| Data for this exercise |
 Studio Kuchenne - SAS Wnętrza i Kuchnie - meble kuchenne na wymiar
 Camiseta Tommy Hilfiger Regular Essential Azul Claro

---

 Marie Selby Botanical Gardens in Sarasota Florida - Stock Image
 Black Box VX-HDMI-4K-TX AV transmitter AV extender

| Work required |
Give again, word for word, every line of the listing above from the one with "Studio Kuchenne - SAS" to the one with "Camiseta Tommy Hilfiger", both inclusive, and nothing beyond them.

| Written answer |
 Studio Kuchenne - SAS Wnętrza i Kuchnie - meble kuchenne na wymiar
 Camiseta Tommy Hilfiger Regular Essential Azul Claro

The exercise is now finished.